Excerpted data »
....
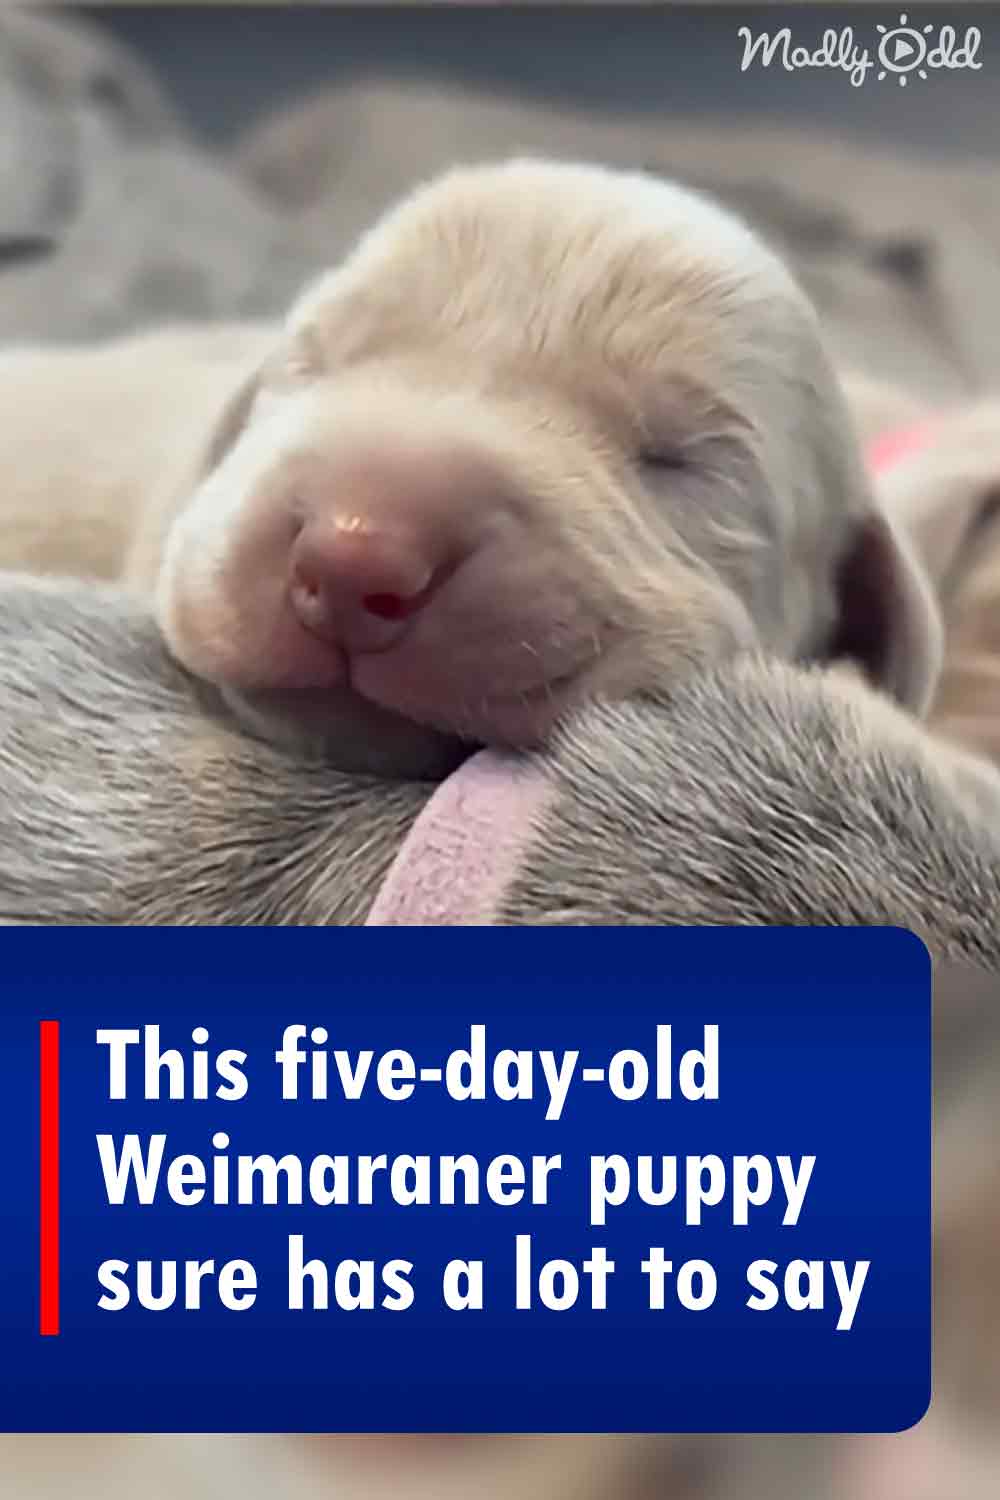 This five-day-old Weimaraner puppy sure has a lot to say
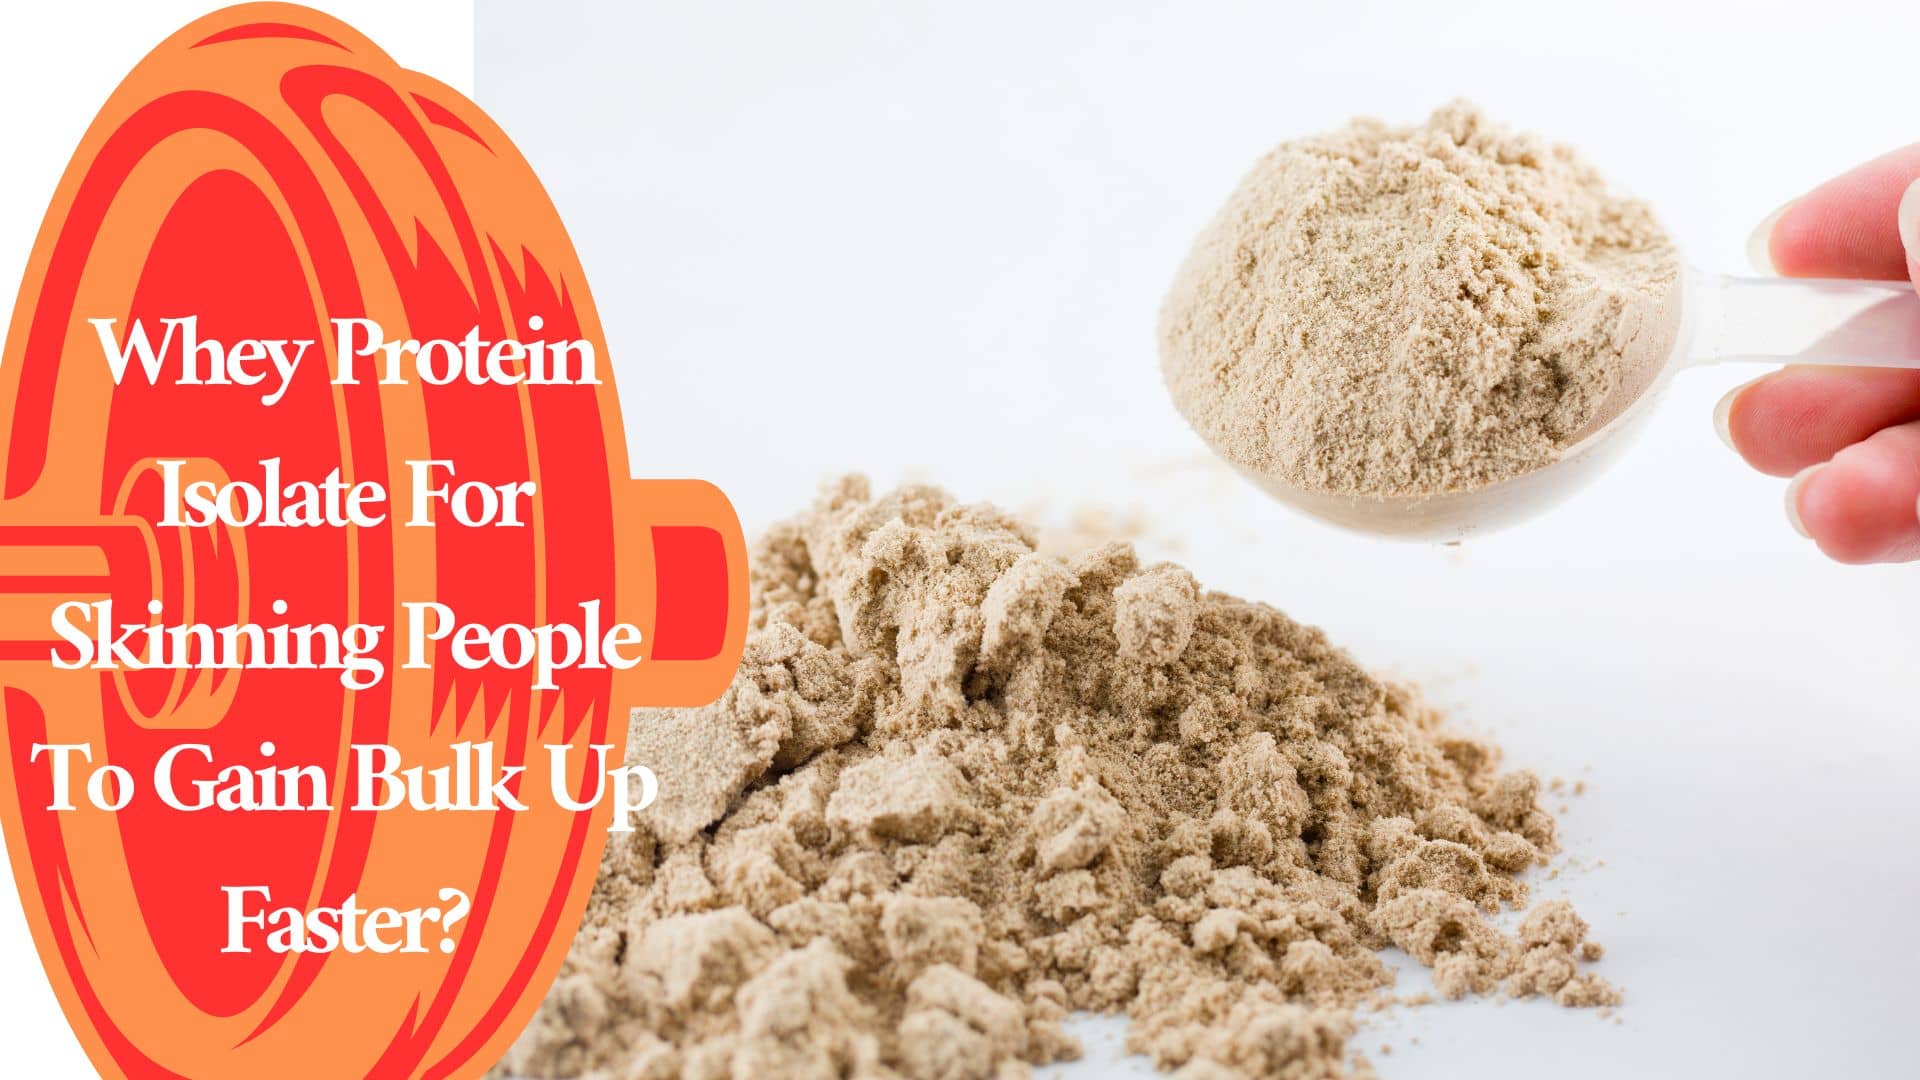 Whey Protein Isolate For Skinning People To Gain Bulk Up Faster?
....
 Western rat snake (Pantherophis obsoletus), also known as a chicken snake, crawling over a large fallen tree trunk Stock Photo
....
Exercise requirements » Copy out exactly the lines above beginning with the line that contains "This five-day-old Weimaraner" and finishing with the line that contains "Whey Protein Isolate", including both; leave the pictures out.

Written answer »
 This five-day-old Weimaraner puppy sure has a lot to say
 Whey Protein Isolate For Skinning People To Gain Bulk Up Faster?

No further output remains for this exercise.